From the records below, print only the part that opens with the line containing "陰間茶屋 男児祭り VOL.3 男どうし ゲイ無料無修正画像 52pic 50" and closes with the line containing "ゼロ難しいコカインぷにぷに金魚バスボール 柚子の香り 80g 1個入"; omit the pictures.

── Materials provided ──

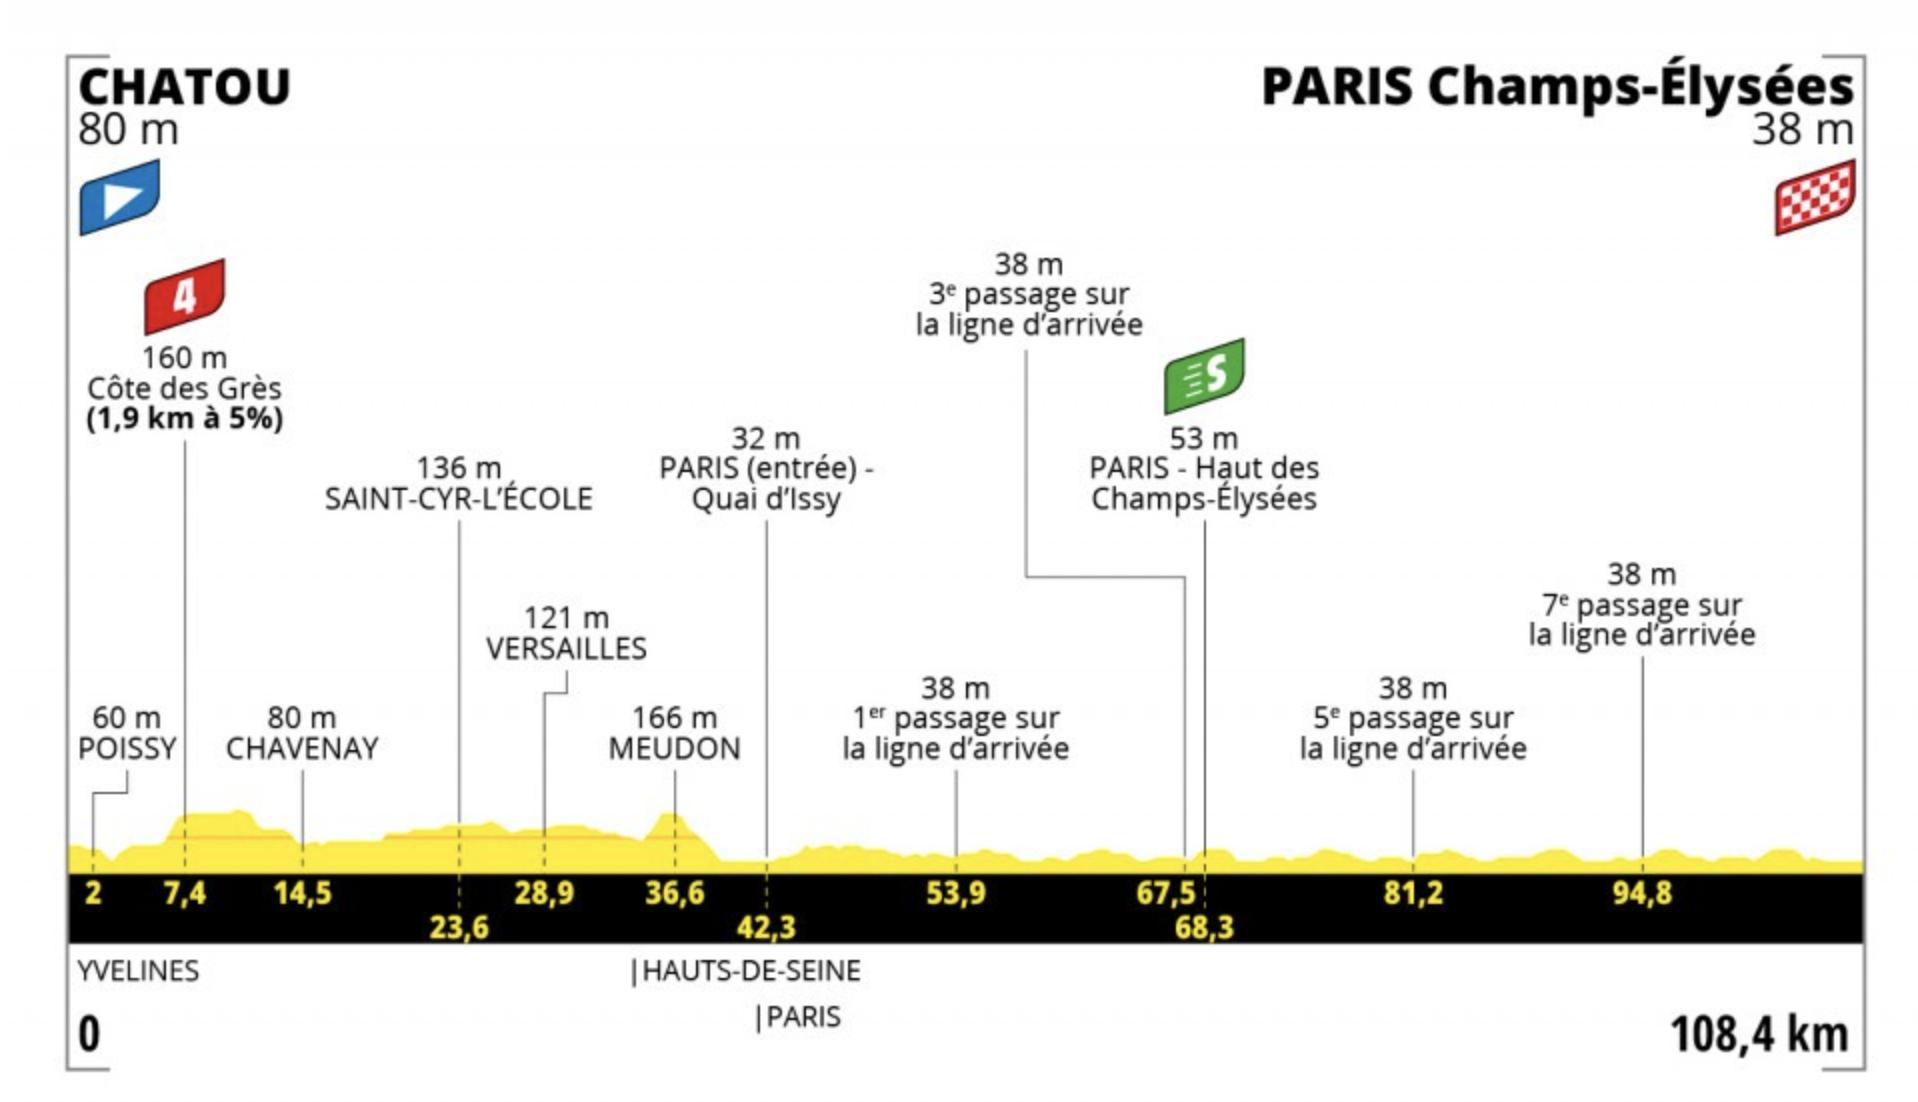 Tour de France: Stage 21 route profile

───
── Materials provided ──

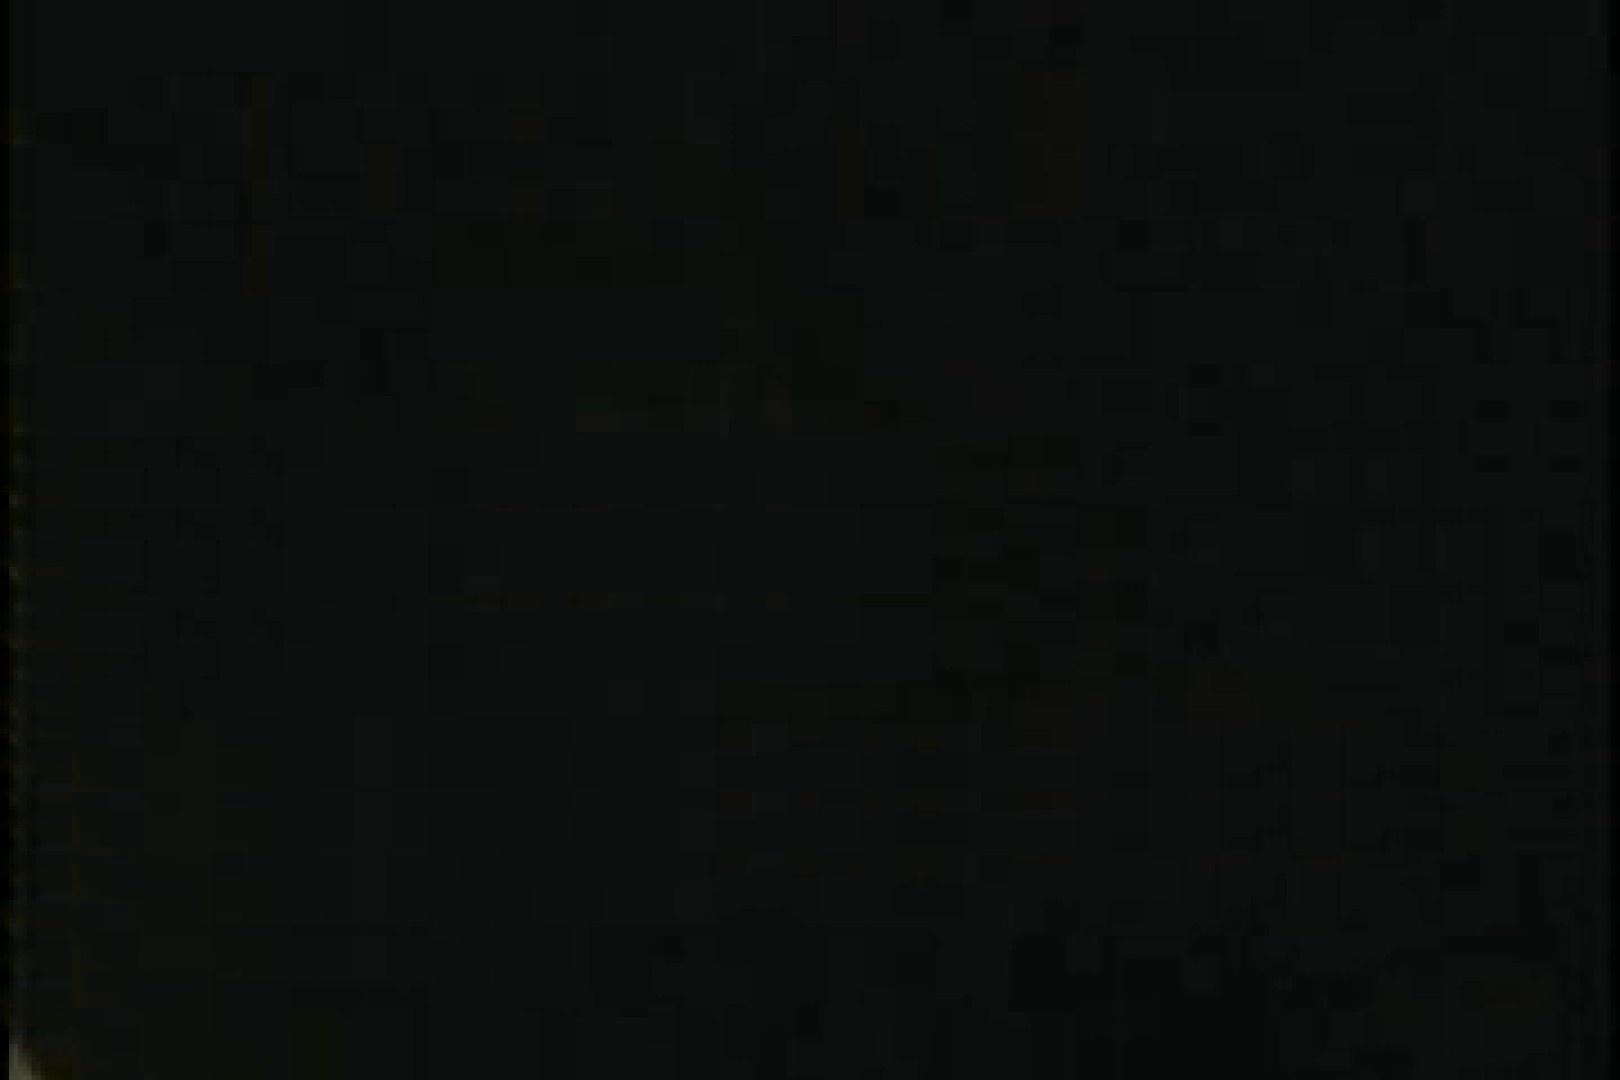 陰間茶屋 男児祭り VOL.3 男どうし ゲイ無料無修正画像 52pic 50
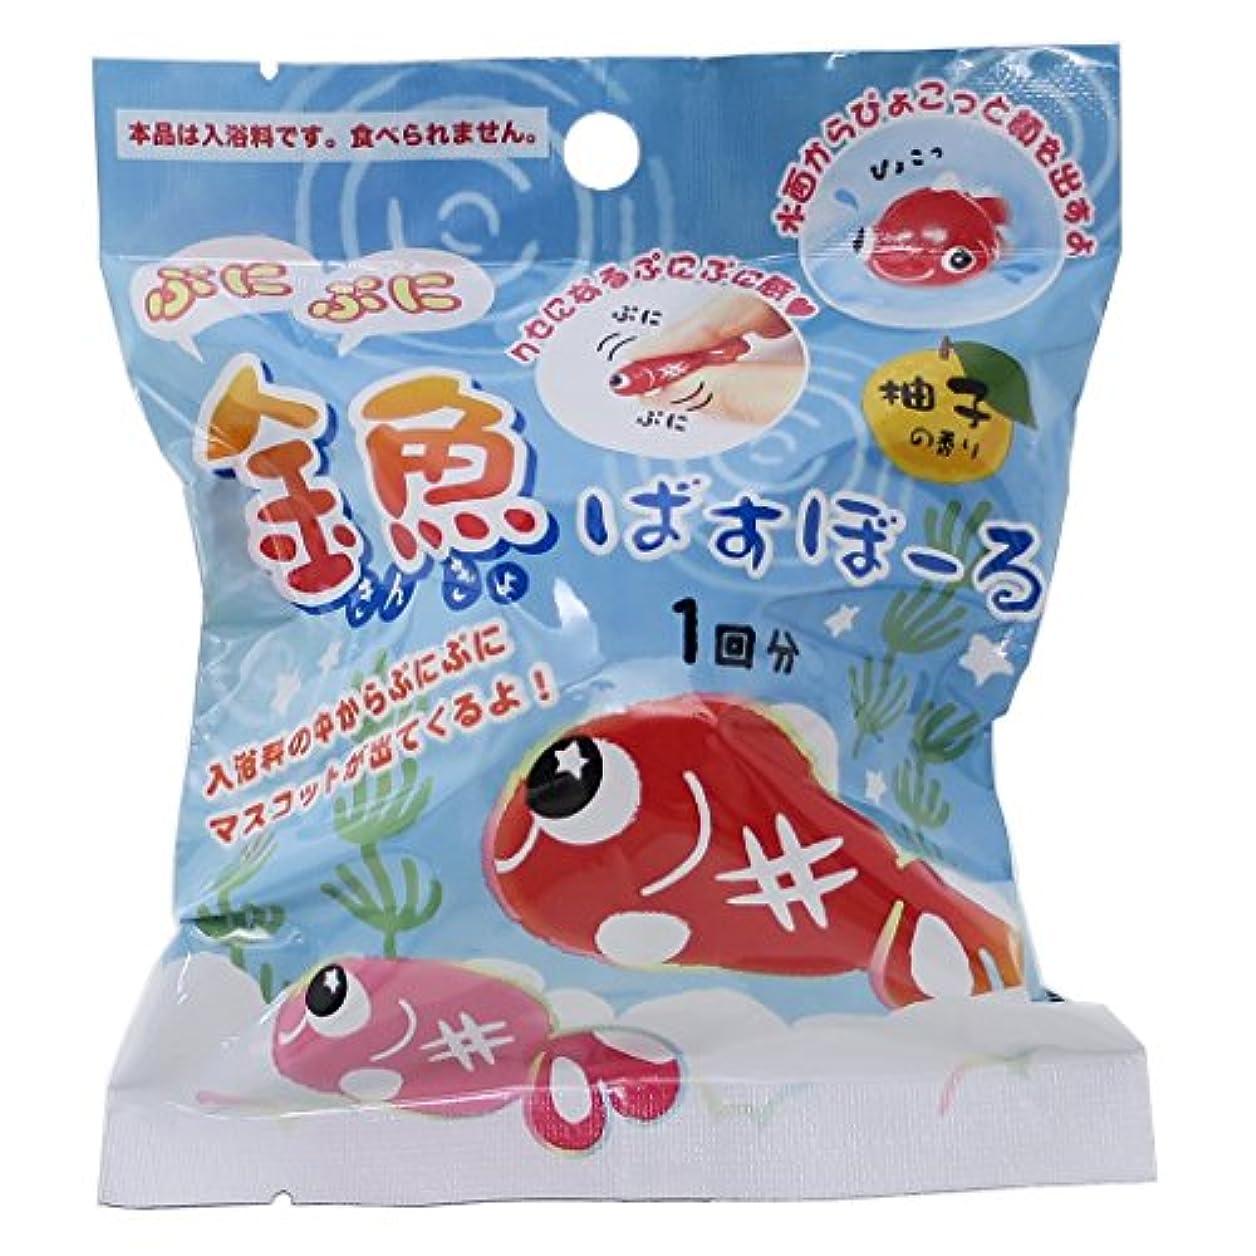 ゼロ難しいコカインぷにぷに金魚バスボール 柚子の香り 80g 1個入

───
── Materials provided ──

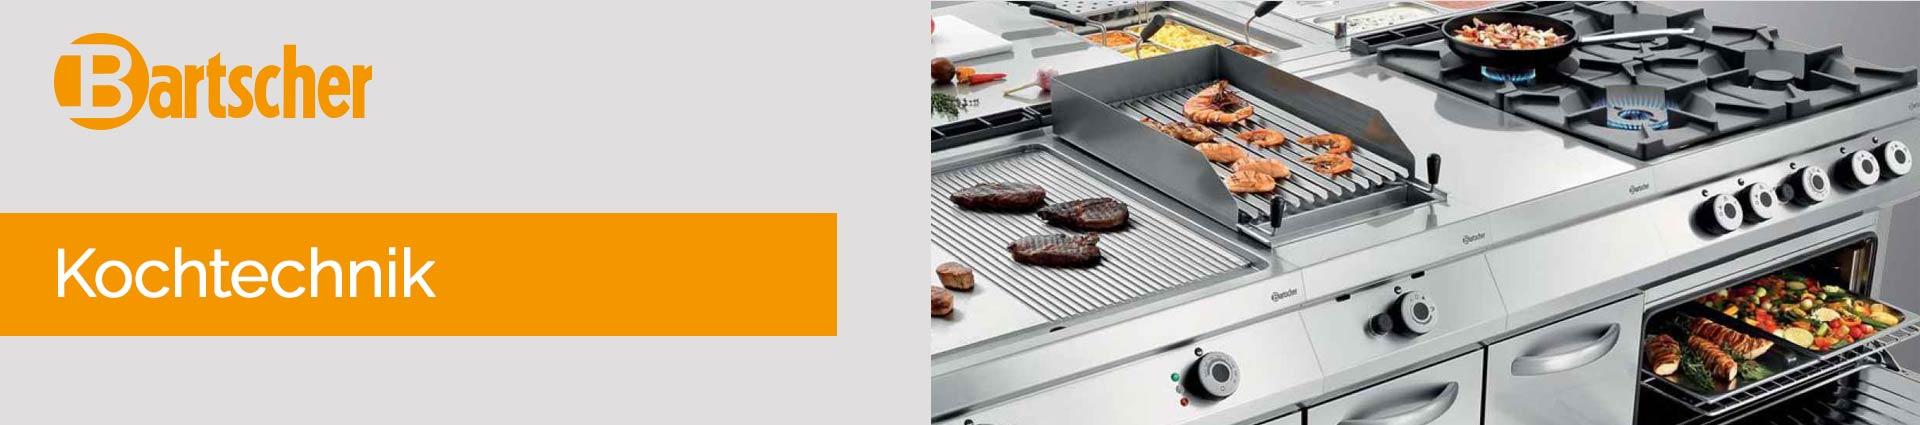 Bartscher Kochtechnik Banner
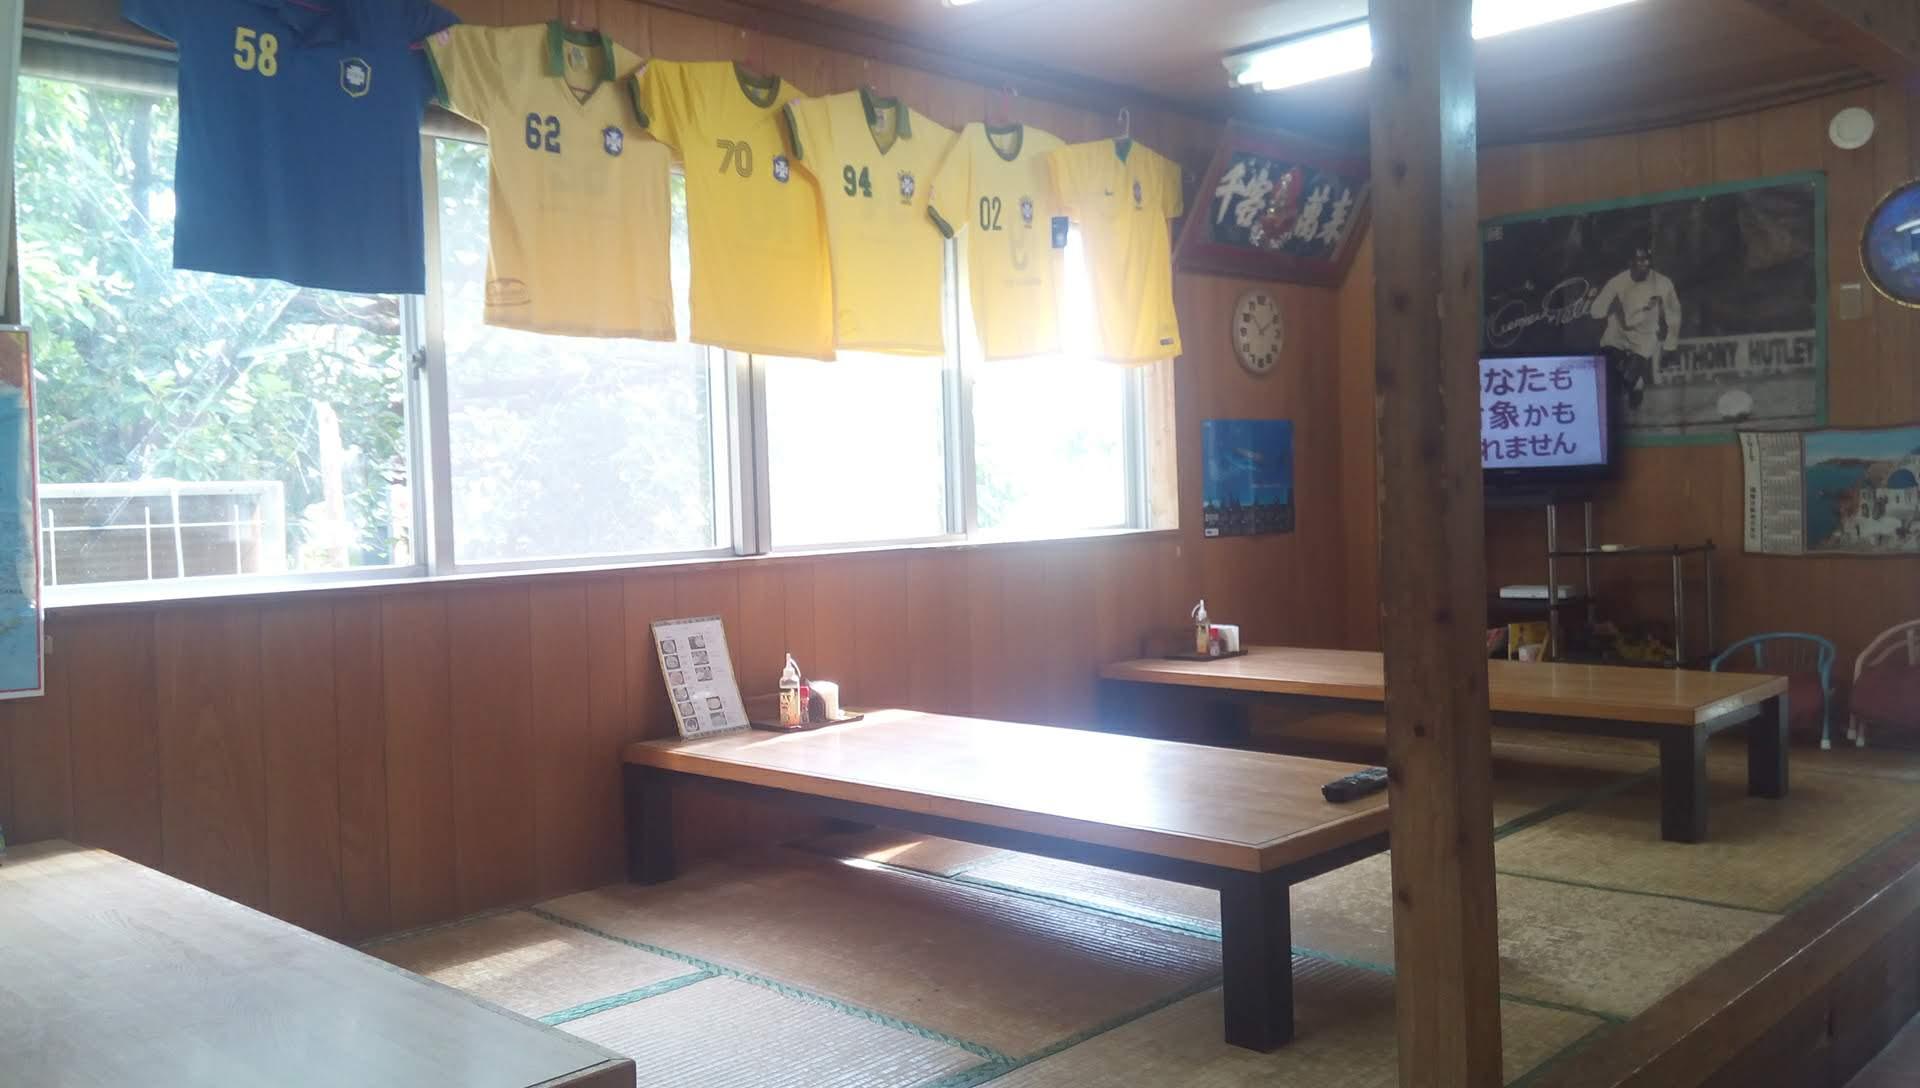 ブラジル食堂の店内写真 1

───

### Response to the task
 陰間茶屋 男児祭り VOL.3 男どうし ゲイ無料無修正画像 52pic 50
 ゼロ難しいコカインぷにぷに金魚バスボール 柚子の香り 80g 1個入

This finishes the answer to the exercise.